The engineers found themselves trying to cram many years of technological innovation into a single summer. How do you contain or kill the oil gusher when the mere contact of methane and cold water at that pressure creates those damn methane hydrates that clog your pipes? And do it with the whole world watching, live, with Internet feeds of every mishap and blunder? While your company is suddenly a global pariah and your stock is cratering and every plugged-in investor is certain you’re roadkill? With the media getting hysterical, and the president talking about kicking someone’s ass? And scientists from reputable academic institutions warning that the oil spill will not only pollute the Gulf of Mexico but also ride something called the Loop Current all the way around Florida, up to the Outer Banks of North Carolina, and then onward to who knows where?

Apollo 13’s rescue was a government operation; the oil spill response was an unusual and inherently awkward public-private partnership.
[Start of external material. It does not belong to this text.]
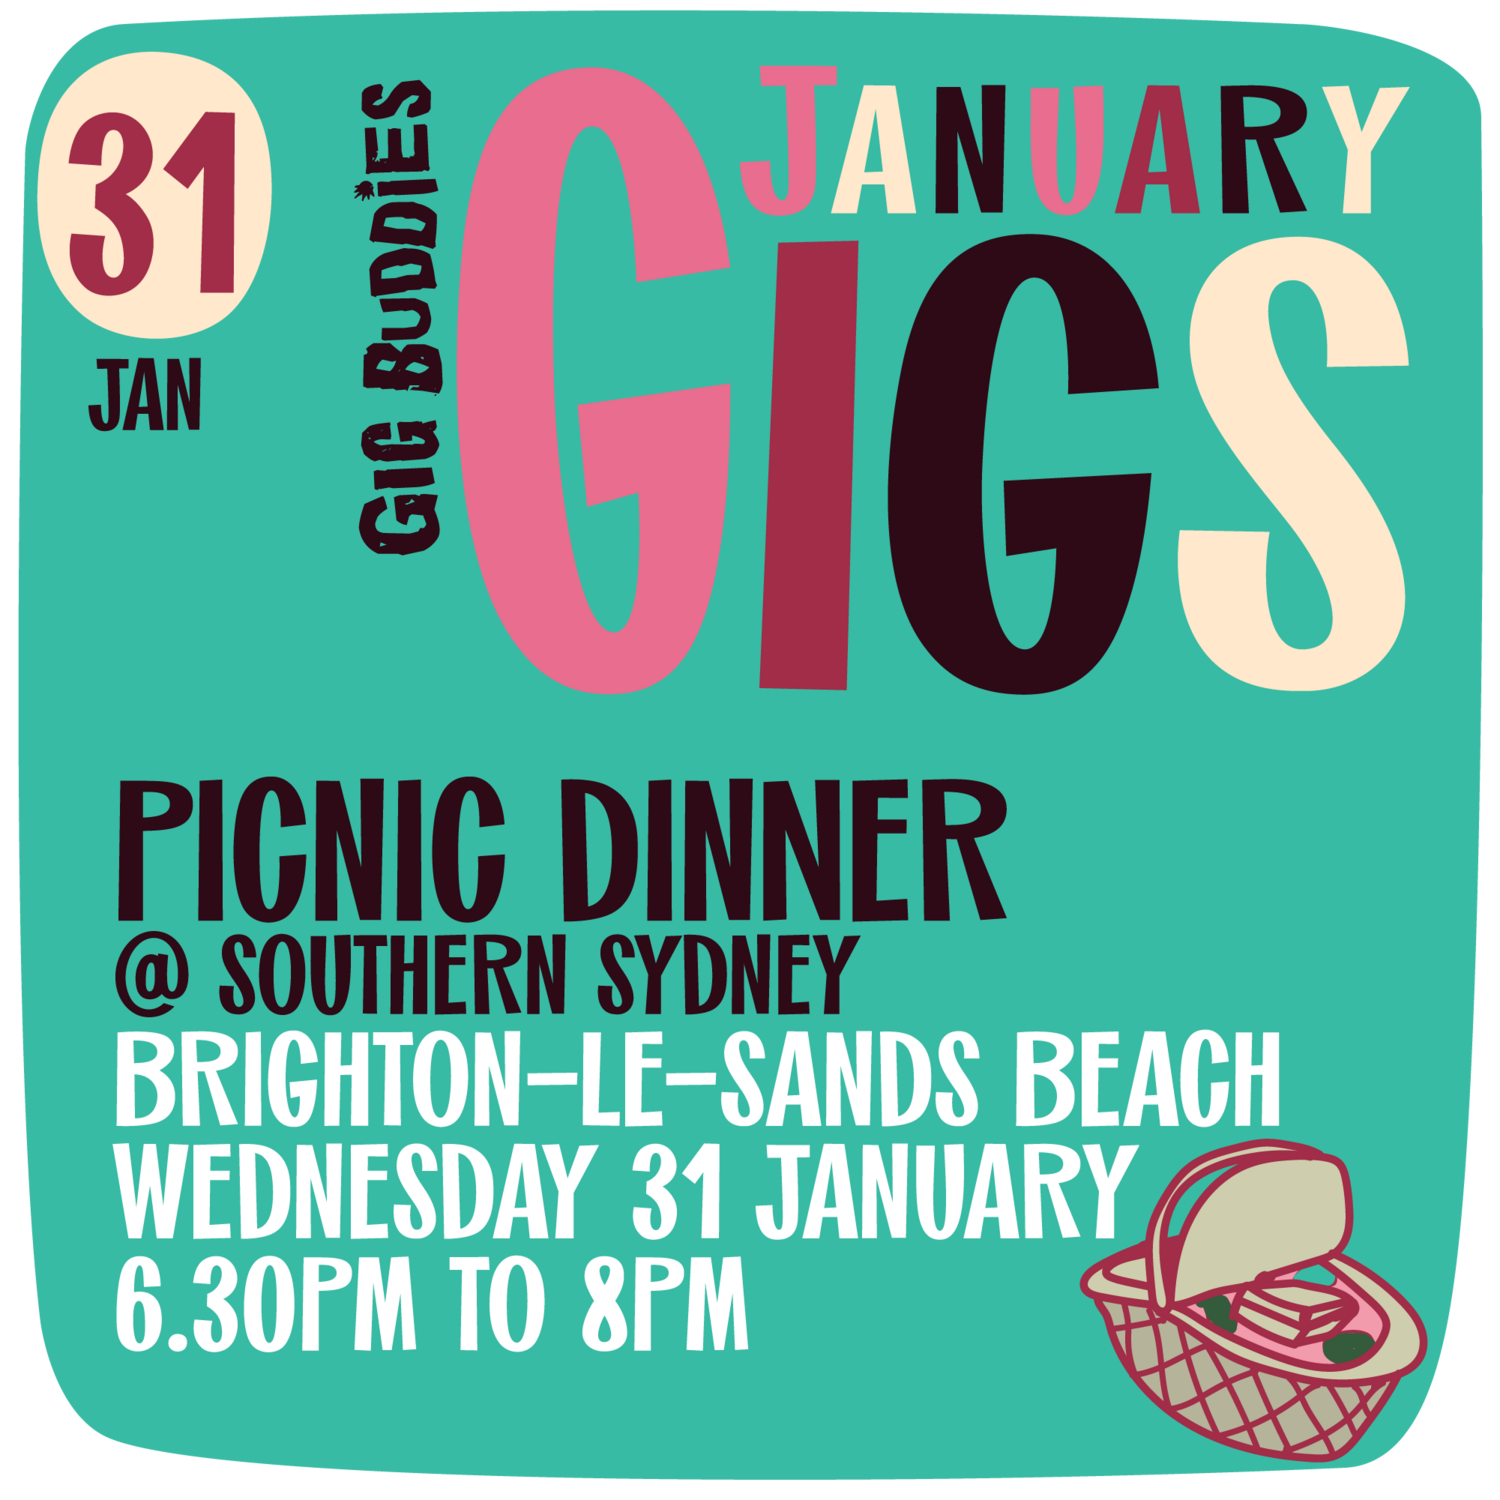 Picnic Dinner at Brighton-Le-Sands Beach - Wednesday 31 January

The private sector had the tools and the legal responsibility for plugging the well, but the government had the ultimate authority for the response. That was confusing on its face. The public never understood the arrangement. Government scientists found themselves embedded in BP’s headquarters, working cheek by jowl with BP engineers, and then the smartest man in the federal government parachuted into Houston along with a kitchen cabinet of freelance geniuses. Terawatts of brainpower were applied to the problem of the hole at the bottom of the sea.

What follows is a cautionary tale of a major engineering project gone hideously wrong, and the desperate effort to solve a problem that human civilization had never before faced. One recurring theme is that in an extreme crisis we should be thankful for the professionals, the cool heads, the grown-ups who do their jobs and ignore the howling political winds.

Another lesson to emerge is that in a complex technological disaster, hardware by itself won’t solve the problem. You need to think things through, to diagnose and analyze and interpret. That can be a high art. A crucial breakthrough in this case happened far from the gulf, in an obscure government lab where an even more obscure scientist tried to understand enigmatic data points. In crunch time, call in the nerds as well as the cowboys.

You never know when someone’s fantastically esoteric expertise may be called upon to help save the country.